The total execution costs for a few large non clustered indexes had more than a 40% share in the entire execution plan. We've considered disabling the largest indexes, however it turned out they were heavily used by some daily reports and disabling them could lead to significant performance impact on those reports.

Disabling large indexes prior to ETL and enabling them afterwards also was not an option, because the index rebuild required significant time and reports on those indexes needed to be run immediately after the ETL package.
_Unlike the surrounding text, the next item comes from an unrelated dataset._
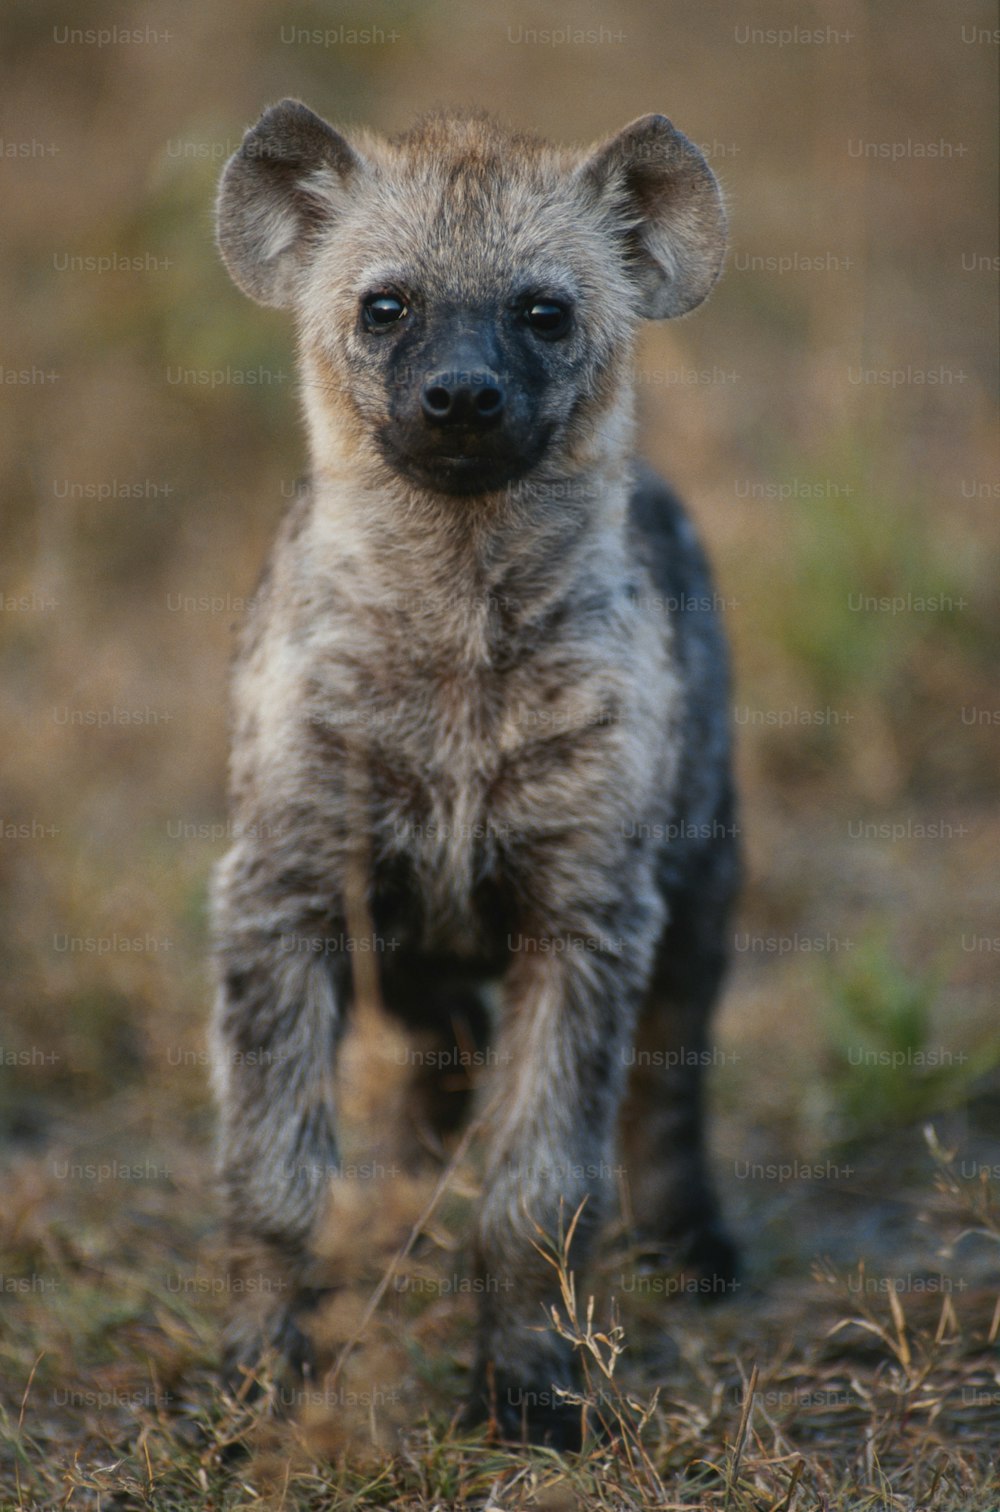 Una hiena bebé está parada en la hierba

So, I started looking into ways to reduce index sizes, assuming that smaller indexes would require less index updates and therefore better performance for data insert and update transactions.

Solution

Fully covering and partially covering SQL Server indexes

A closer examination has showed that even though the largest indexes had only a few key fields, they contained a high number of columns in their INCLUDED columns logic, apparently some developers created them in order to satisfy queries with large SELECT lists. For those of you who are not familiar with covering indexes, I'd recommend reading this article by Joe Webb.
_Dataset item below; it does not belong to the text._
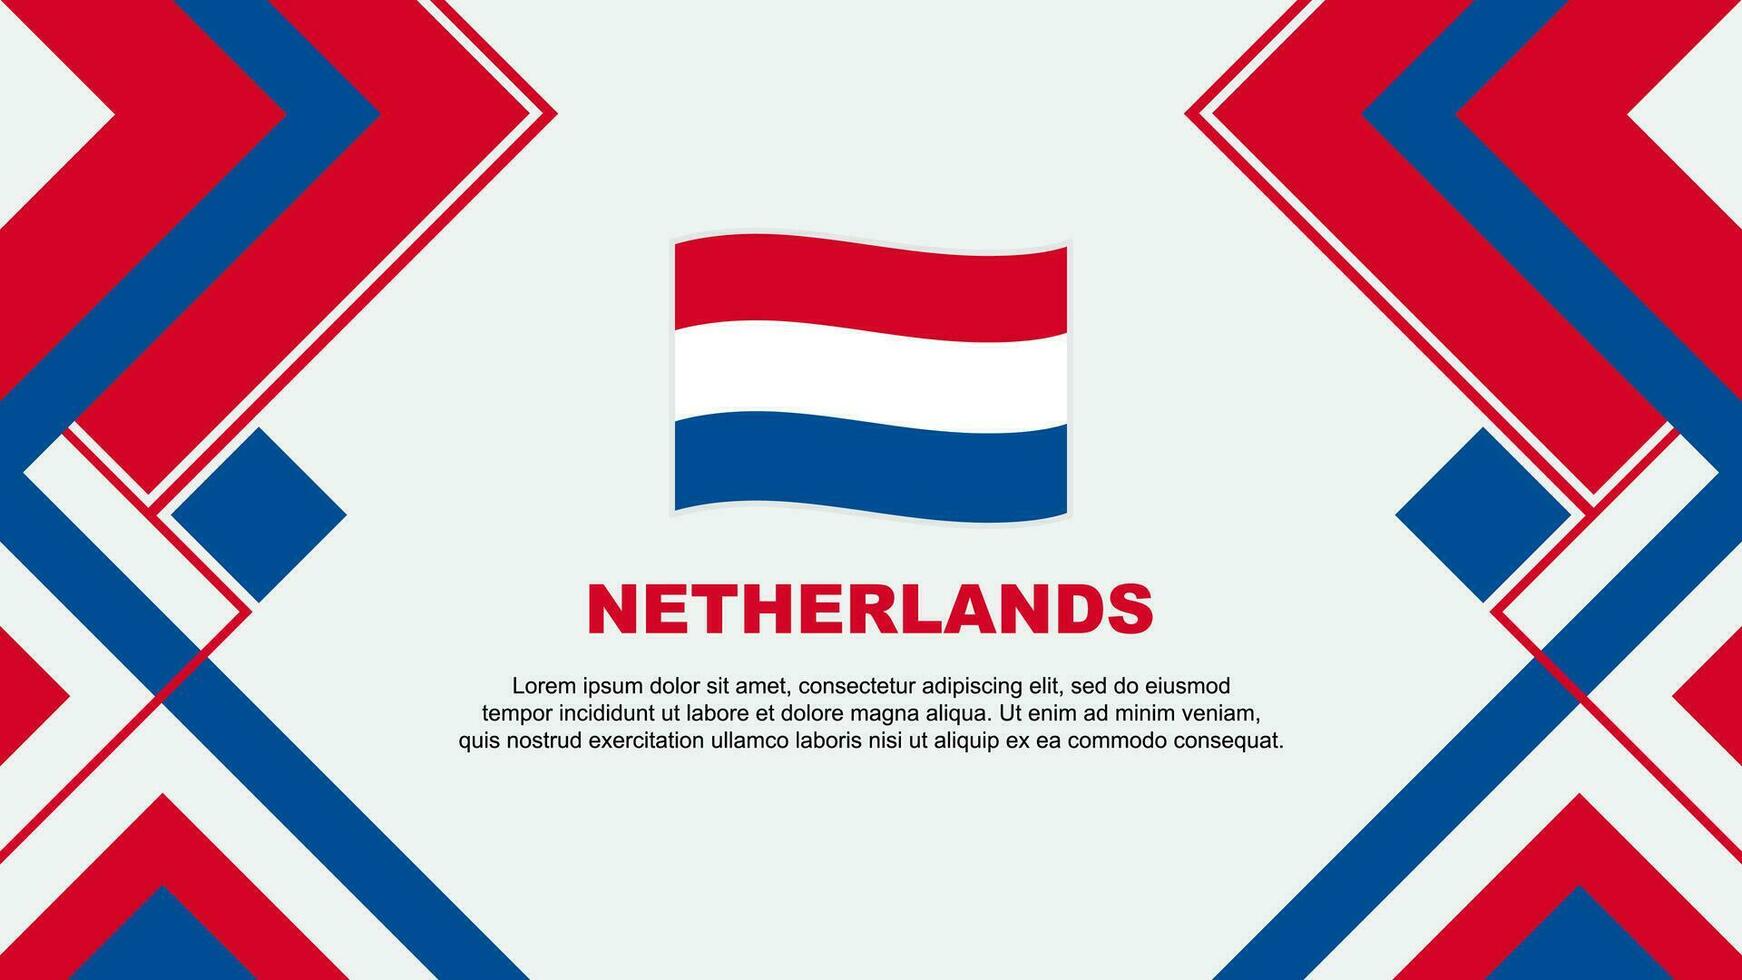 Netherlands Flag Abstract Background Design Template. Netherlands Independence Day Banner Wallpaper Vector Illustration. Netherlands Banner

The biggest benefit of covering index is that when it contains all the fields required by query, it may greatly improve query performance and best results are often achieved by placing fields required in filter or join criteria into the index key and placing fields required in the SELECT list into the INCLUDE part of the covering index. As you can see from the sample execution plan below, the index IDX_Employees_Covering provides all the fields included in the SELECT list and therefore completely satisfies the query:

Query:

SELECT FirstName, LastName, Birthdate, DepartmentId, PositionId, 
ManagerId, Salary, Address, City, State, HiredDate
from Employees 
where DepartmentId between 10 and 70 
AND PositionId between 10 and 80

Index:

CREATE NONCLUSTERED INDEX IDX_Employees_Covering ON Employees (DepartmentId,PositionId) 
INCLUDE (FirstName,LastName,Birthdate,ManagerId,Salary,Address,City,State,HiredDate)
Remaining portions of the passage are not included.